**WORK TO BE COMPLETED**
Please make an exact copy of the listing, without the pictures.

--- MATERIAL PROVIDED Enclosed Below ---

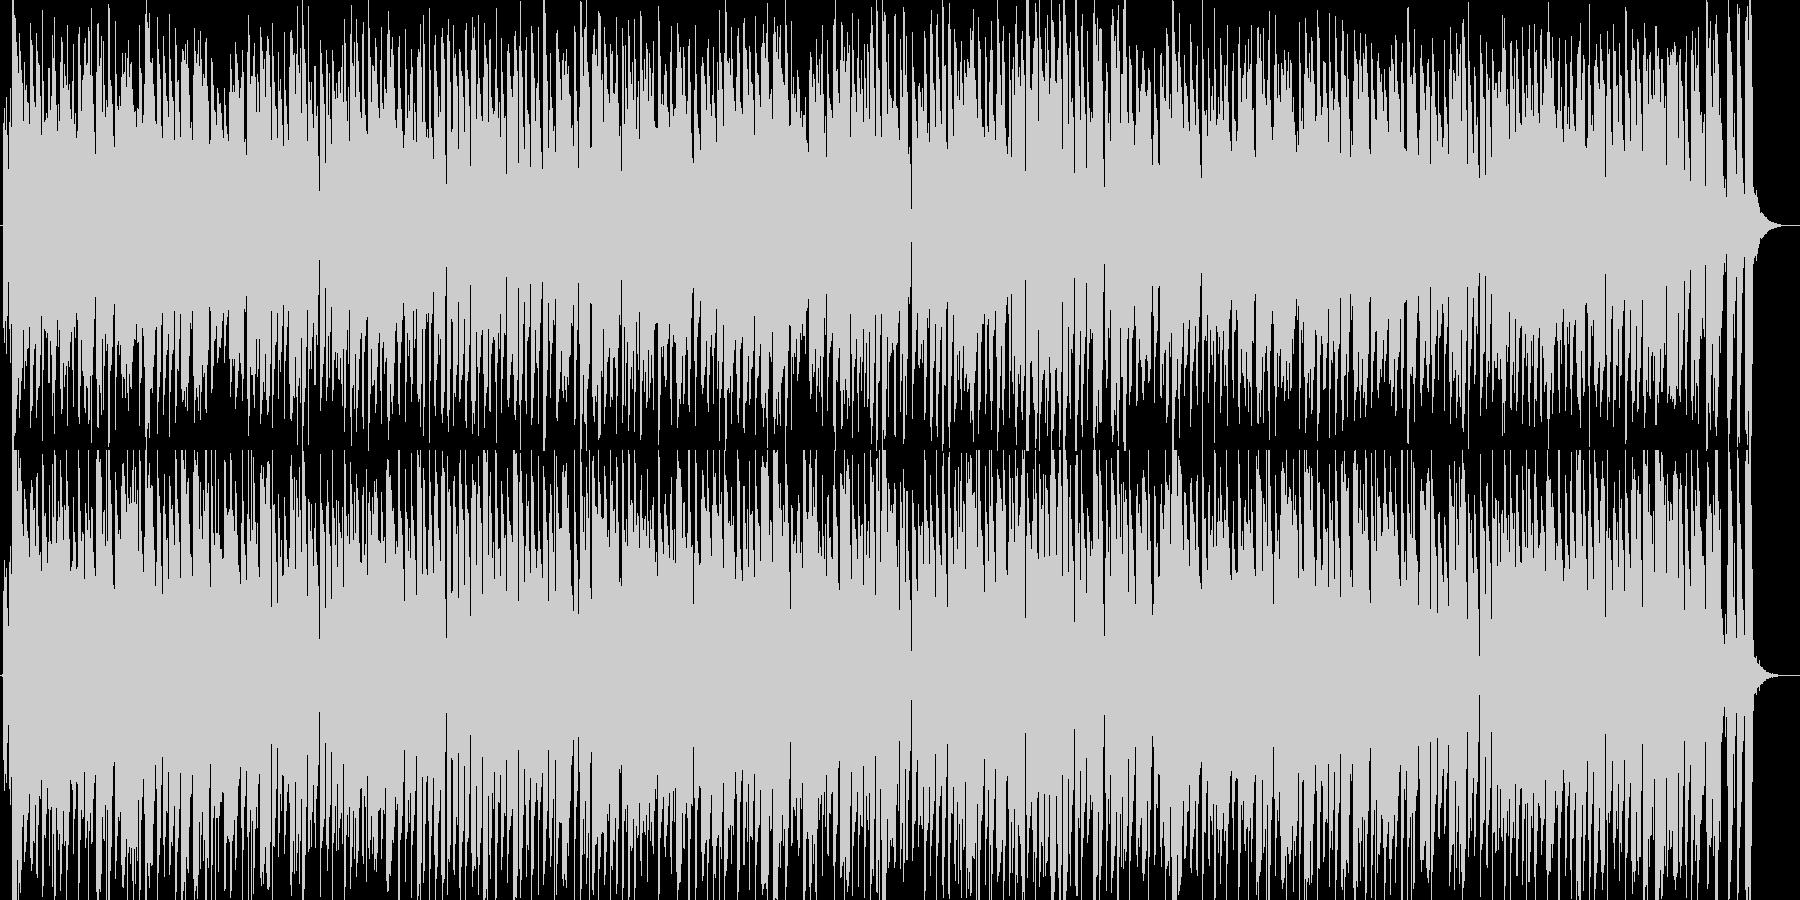 お洒落なジャズピアノトリオ9アップテンポの未再生の波形
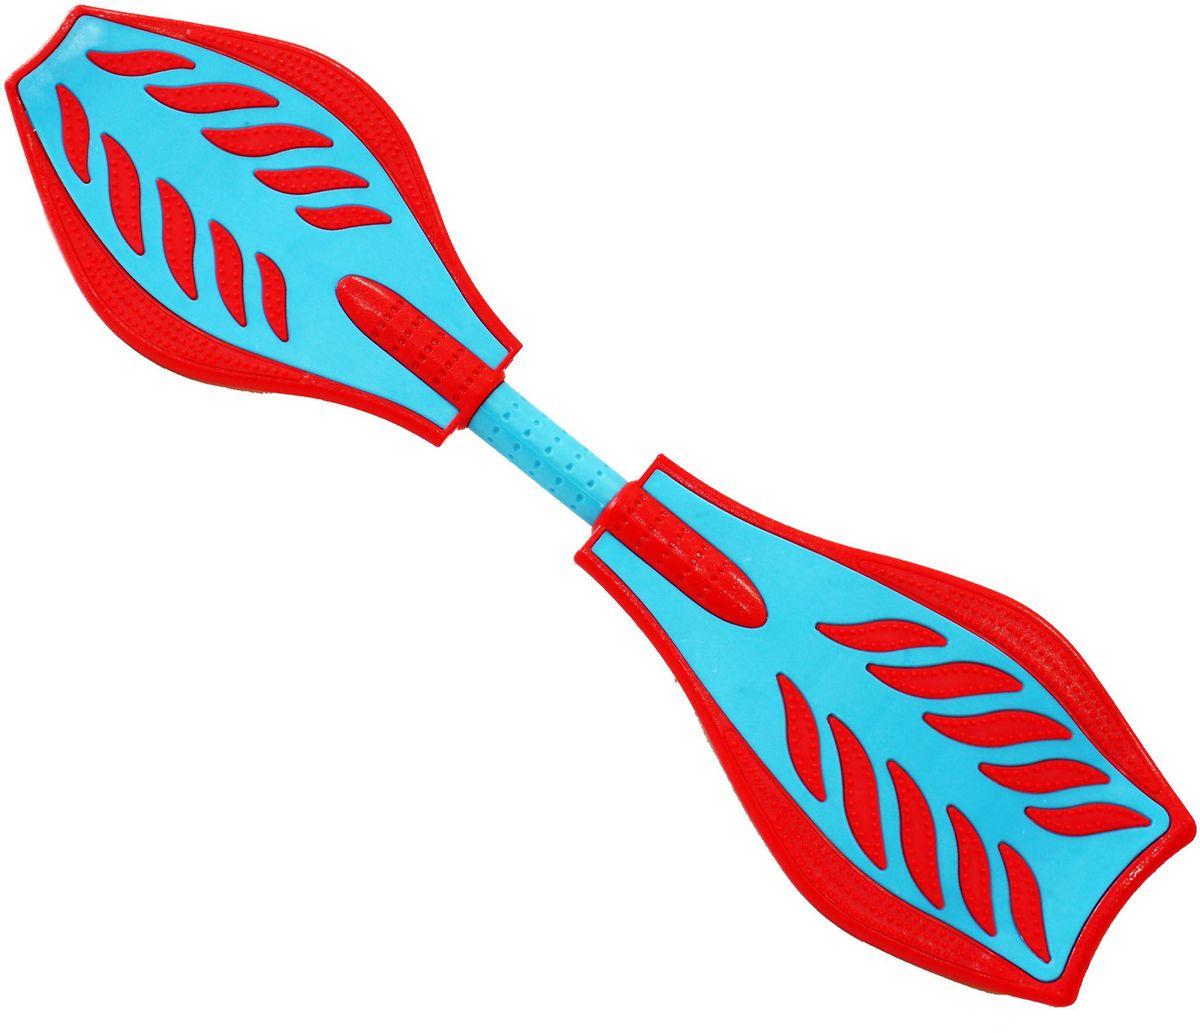 Роллерсерф Waveboard Bright, цвет: красный, голубой2224Роллерсерф Waveboard Bright - это уникальный скейтборд на двух колесах. Полиуретановые колеса на высокоскоростных подшипниках позволяют быстро разогнаться и катиться долгое время без остановок. Подшипники крутятся легко и без усилий. Колеса скейтборда выполнены из прочного полиуретана и вращаются на 360°. Легкая и прочная пластиковая платформа со специальным противоскользящим покрытием состоит из двух частей, прочно соединенных торсионной пружиной. Выдерживает вес: до 70 кг.
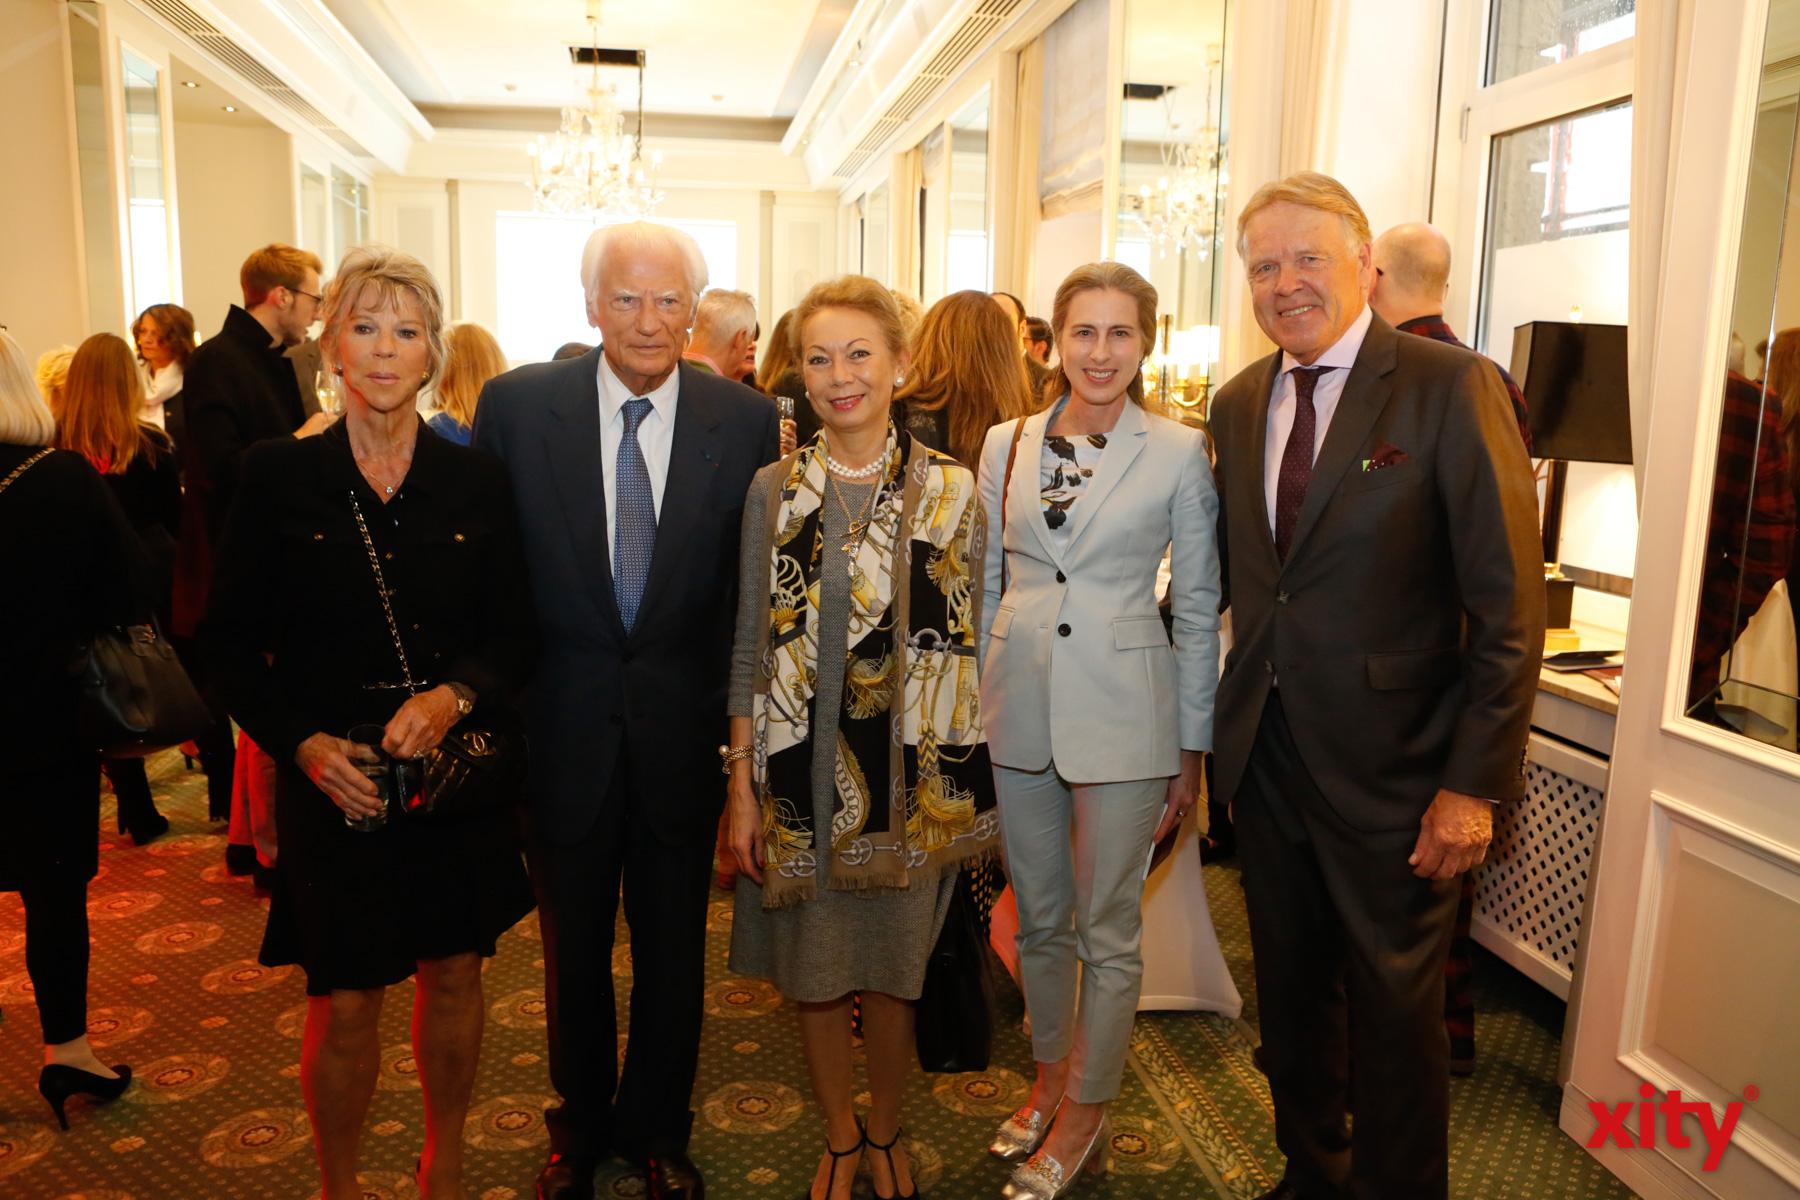 Renate Voos-Frönicke, Claude Cathalan, Dr. Vera Geisel und Peter Wienen(Foto: xity)

--- End of Enclosed MATERIAL PROVIDED ---

**SOLUTION TO THE PROBLEM**
 お洒落なジャズピアノトリオ9アップテンポの未再生の波形
 Роллерсерф Waveboard Bright, цвет: красный, голубой2224Роллерсерф Waveboard Bright - это уникальный скейтборд на двух колесах. Полиуретановые колеса на высокоскоростных подшипниках позволяют быстро разогнаться и катиться долгое время без остановок. Подшипники крутятся легко и без усилий. Колеса скейтборда выполнены из прочного полиуретана и вращаются на 360°. Легкая и прочная пластиковая платформа со специальным противоскользящим покрытием состоит из двух частей, прочно соединенных торсионной пружиной. Выдерживает вес: до 70 кг.
 Renate Voos-Frönicke, Claude Cathalan, Dr. Vera Geisel und Peter Wienen(Foto: xity)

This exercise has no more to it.